February 14, 2005
7 Comments

Let's Get it Started in Here!

or, Why Buy the .750 L Bottle of Cheap-Ass Australian Table Wine When There's a 1.5 L Size?

Yeah, so, we watched some of the Grammys last night, but only after getting "it started" on a big bottle of wine. I'm fairly certain that, in music critic circles, the Grammys stopped meaning anything a quarter-century ago, but it was only last night that I realized just how culturally irrelevant they really are. There were three things that put the nail in the coffin for me:

  • The medley. I'm guessing that the medley was some musical visionary's attempt at creating a live "mash-up," but really? It sounded like a medley. And unless you're Ann-Margaret, you probably shouldn't be doing medleys. Especially when the medley in question only serves to drive home the fact that Gwen Stefani, Eve, the Black-Eyed Peas, Franz Ferdinand, Maroon 5, and those Mexican Guys I Didn't Recognize are all singing the same goddamned song when it comes right down to it. Also, something else along these lines I'd like to know: Where is the pre-Colombian ritual pot that I need to find and smash in order to send the Black-Eyed Peas back through the Hellmouth they came out of?

  • Green Day as introduced by Quentin Tarantino. Hello. It's not sad enough that they won best rock album--"Rock and roll can be dangerous and fun at the same time," Billy Joe? This from the guy who self-censored his performance? Dangerous and fun!?!--but apparently the only person more clueless than the lead singer was QT, who said, and I quote: "In the '90s, three punks from the Bay area popped into our lives in a big, loud way. Instead of fading away, they've grown up, releasing a concept album with a very novel concept: All the songs are good. They're making punk rock history with a real sense of purpose." To paraphrase Ben Kingsley's character in Sexy Beast, NO! NO! NO! NO! NO! NO! NO! NO! Hey, I've taken the post-mortem temperature of punk's liver, and I can tell you for certain: Punk rock didn't die until he said that. So yes, officially: Punk is dead.

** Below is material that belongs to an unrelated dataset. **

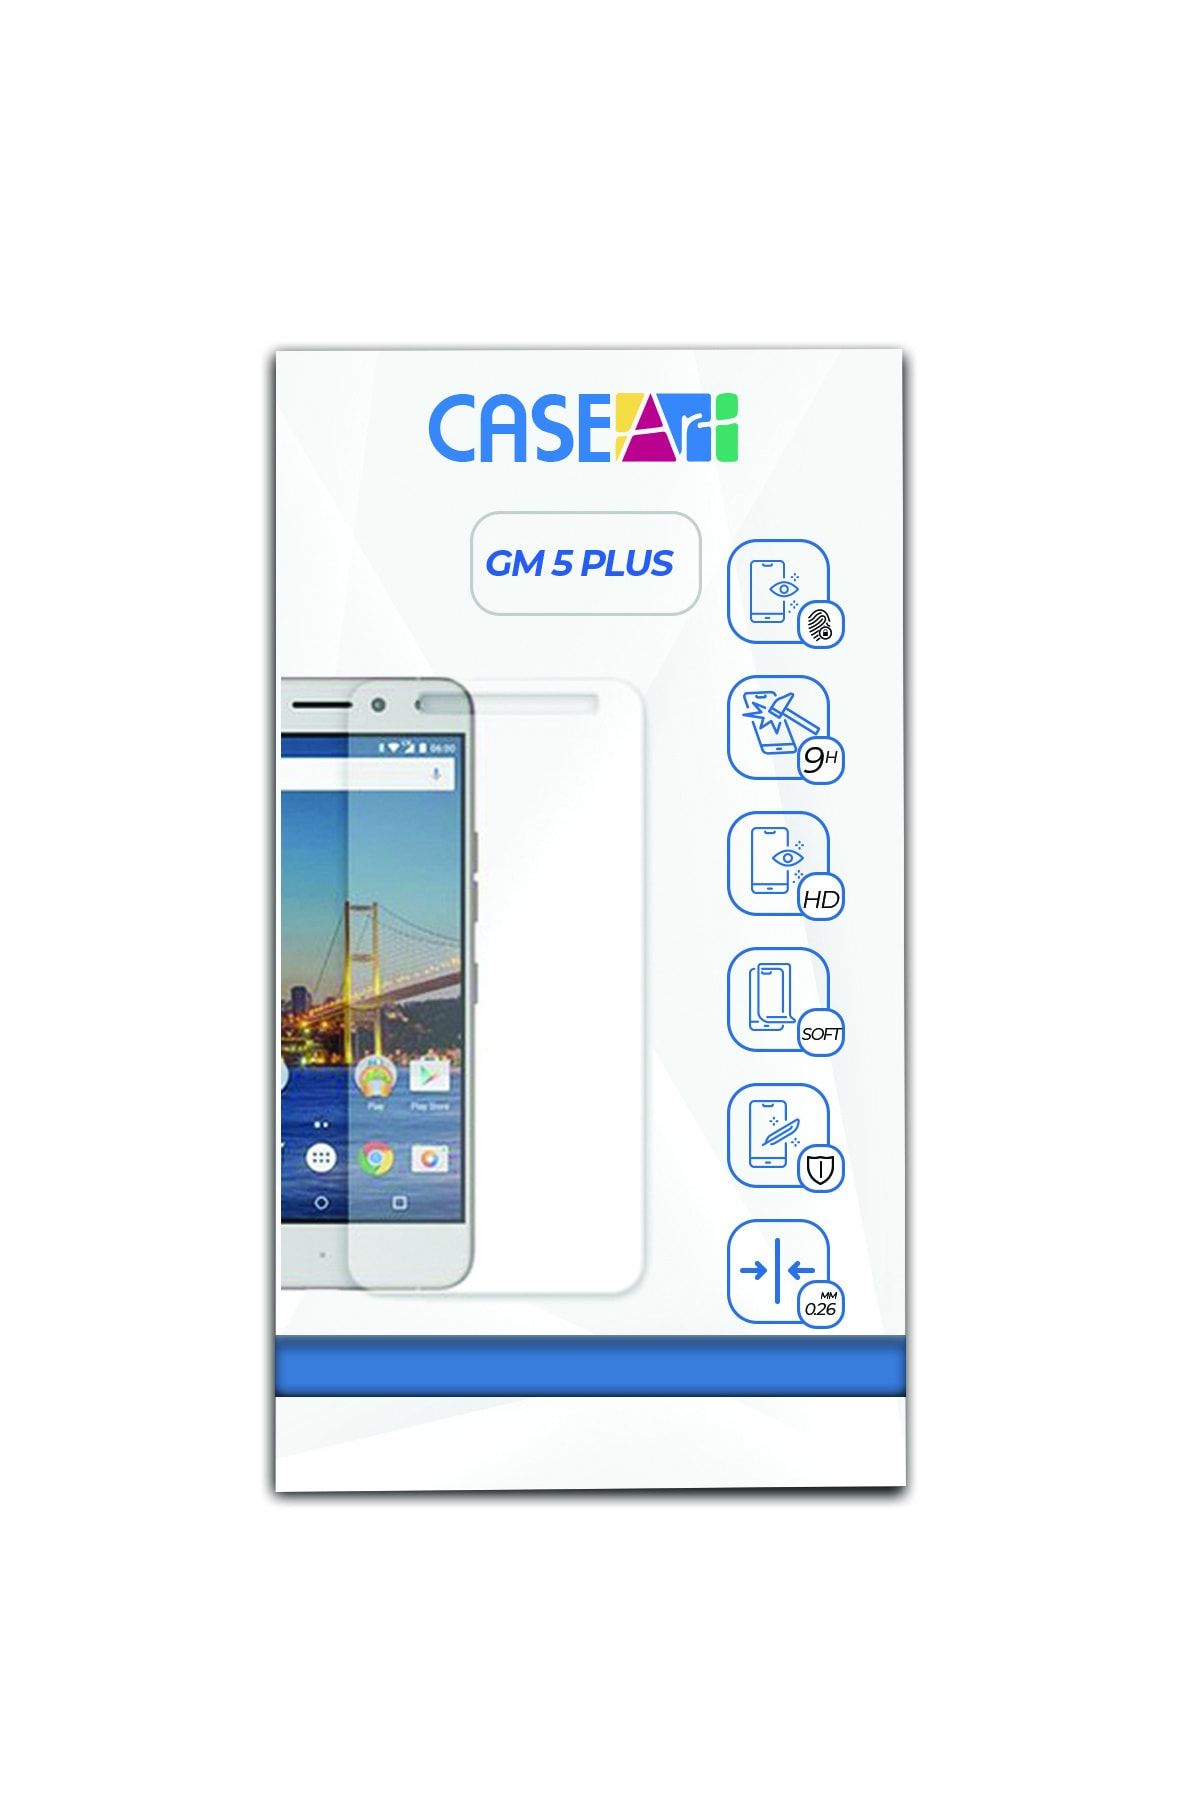 CaseArt General Mobile Gm5 Plus Temperli Ekran Koruyucu Kırılmaz Cam

  • Finally, Maroon 5. Best new artist?!? Didn't anyone on the Grammy panel notice that they're actually the Spin Doctors?

Posted by Dana at 09:30 AM

Comments

Did not watch it, but knew it had to be bad when I was greeted by the Too-Perky CoWorker Older Than Me this morning: "I love that Maroon 5! They are really growing on me!"

Posted by: tizzie at February 14, 2005 11:25 AM

I feel your pain. There is not enough booze in this world (or any other) to get me to watch that festival of lameness. For once I was actually almost sorta happy to be working on a Sunday night.

Posted by: bmarkey at February 14, 2005 01:40 PM

I just saw an AP story that said the network "seamlessly" censored Green Day, FWIW.

Posted by: tizzie at February 14, 2005 02:04 PM

Hm, maybe the earlier Reuters piece I read was wrong.

Posted by: dana at February 14, 2005 02:27 PM

I, for one, am glad Maroon 5 won.

If only because winning "Best New Artist" pretty much equals winning "Most Likely To Vanish Without A Trace in Six Months' Time."

My only regret was that they were the only ones to win.

Posted by: arto at February 14, 2005 05:13 PM

I grudgingly admit, I actually do like the American Idiot CD - but - BUT! I don't consider it punk rock by any means. Power pop maybe, but not punk.

As to the time of death, I think when Ralph Lauren showed tartan cargo pants in his fall collection (along with black linen napkins embroidered with skulls for the home collection)is right about when punk jammed the gun in its mouth and painted the wall with brains, although it had been severely depressed since the mid 80's. It's a wonder it made it this far.

Posted by: Miss Lis at February 15, 2005 04:11 PM

Maroon 5 winning *anything* besides a high school talent show runner-up ribbon while Yellowcard is in country only serves to shine a big doctor's light on the fumey boil of popular music. As for Green Day, they officially became dismissable upon the release of "Hope You Had The Time Of Your Life" or whatever that p.o.s. is entitled. Punk's been dead longer than hair metal. Shooting electricity through it's dessicated corpse to try and somehow frottage off some some of punk's past glory is like standing behind a mummy at the museum, moving it's arms around Weekend-At-Bernie's style and declaring yourself pharoah.